Considering the number of people building homes in the Greenwood area today for the purpose of vacationing and future retirement, it comes as no surprise that the first residence here was built in 1823 by John McGehee, Jr. as a summer home for him and his bride.

This 600-acre plantation was named Green Wood by McGehee’s wife, Charlotte. This area today, called Green Wood Village, is located in the East Cambridge Avenue area. When the first railroad came through in 1852, it moved the center of the village to its present-day location since stores and businesses began to locate around the depot. This marked the beginning of developing the “widest Main Street in the world” and the Square, now referred to as Uptown Greenwood.

During the last half of the nineteenth century in Greenwood, considered a railroad town, merchants dealt in groceries, general merchandise, dry goods, farmer’s supplies, furniture, rice, and cotton. There were also banks, insurance companies and undertakers.

The Greenwood community was becoming known throughout the state as “preeminently an example of what can be accomplished by unremitting energy and boundless self-reliance” and Greenwood’s “hospitable and progressive” people welcomed “all who may come to” their town. These characteristics are still present in today’s Greenwood residents.

Area historians have credited several “pillars” with shaping the Greenwood of today, and those were in place from the outset. One was an early special interest of Greenwood residents in educating students.
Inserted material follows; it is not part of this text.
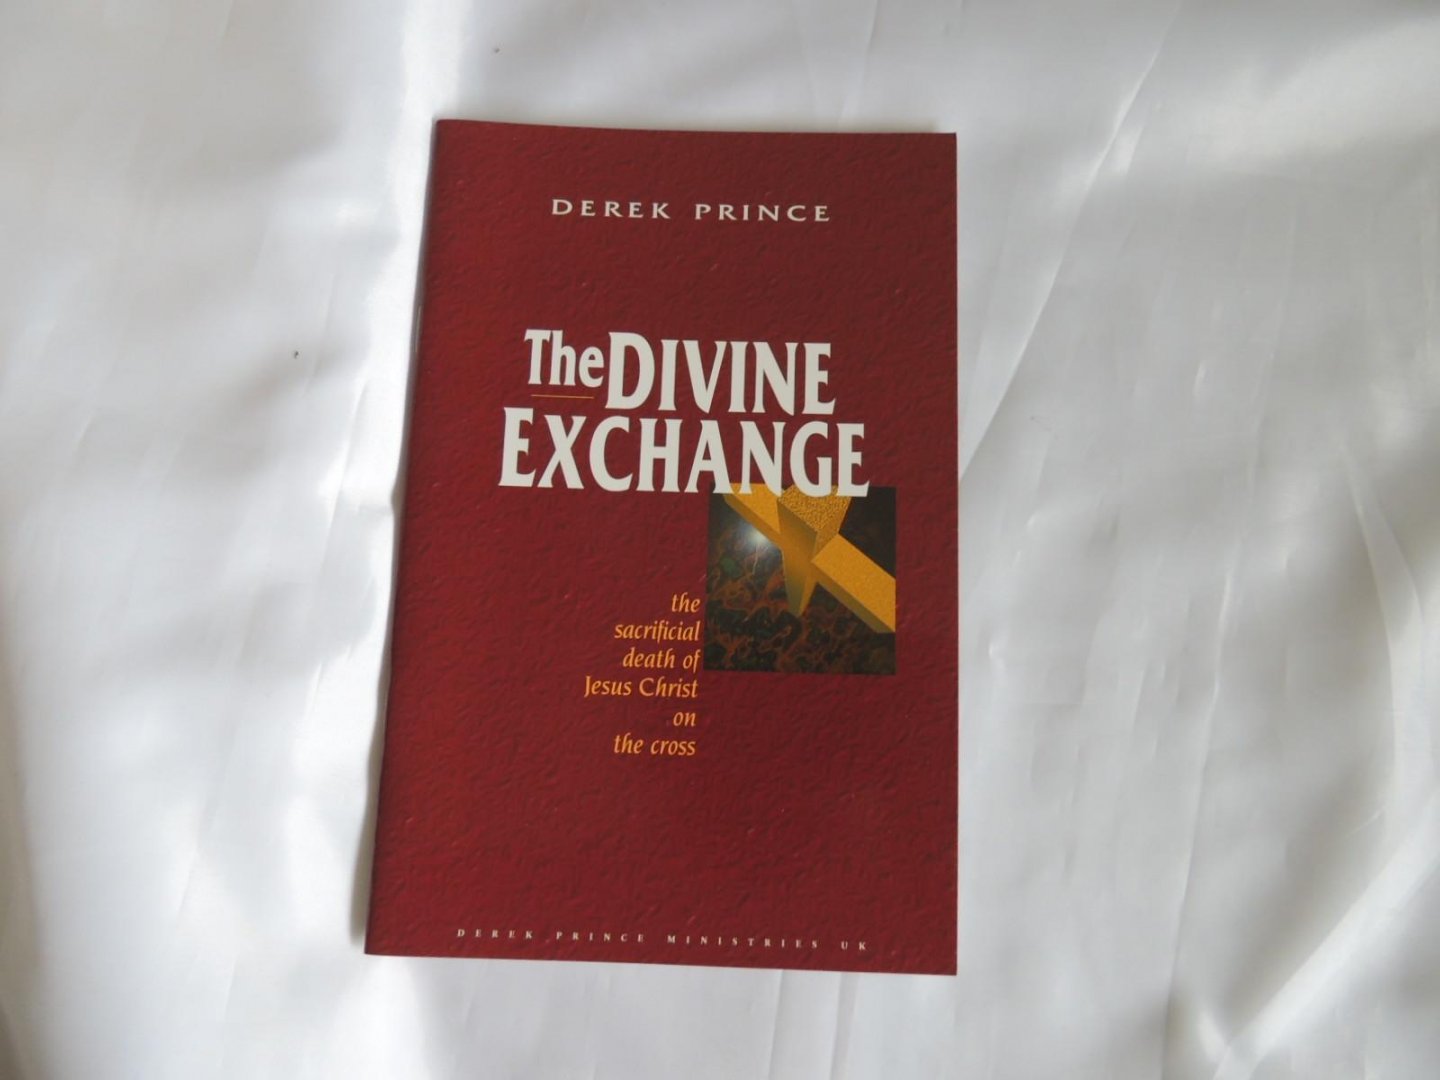 Prince, Derek - The Divine Exchange
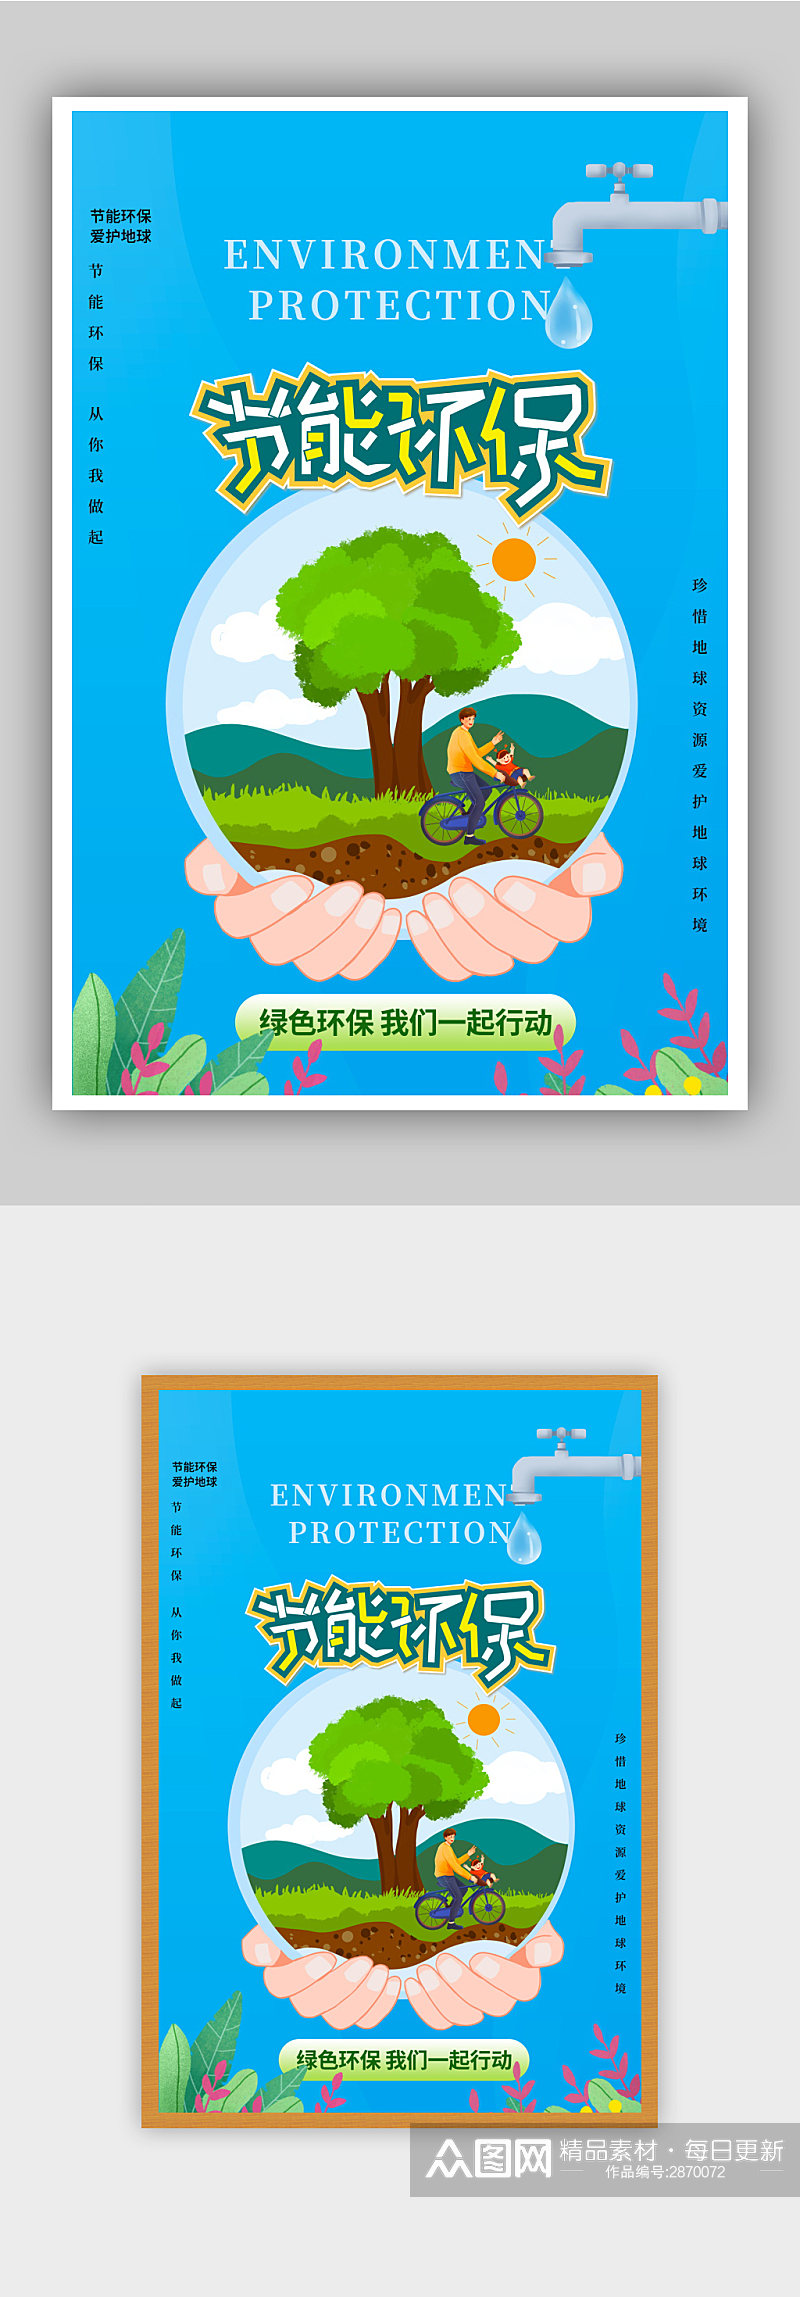 节能环保爱护环境公益海报素材

By the time of its chartering in 1857, Greenwood had schools that were already 25 years old.

A second foundation for Greenwood’s continued prosperity was the initiative and hard work of its founders and early settlers in providing transportation facilities; first railroads, then highways and an airport.

A third key part of Greenwood’s development was the area’s textile industry, which remains a vital economic block supporting the Greenwood Community.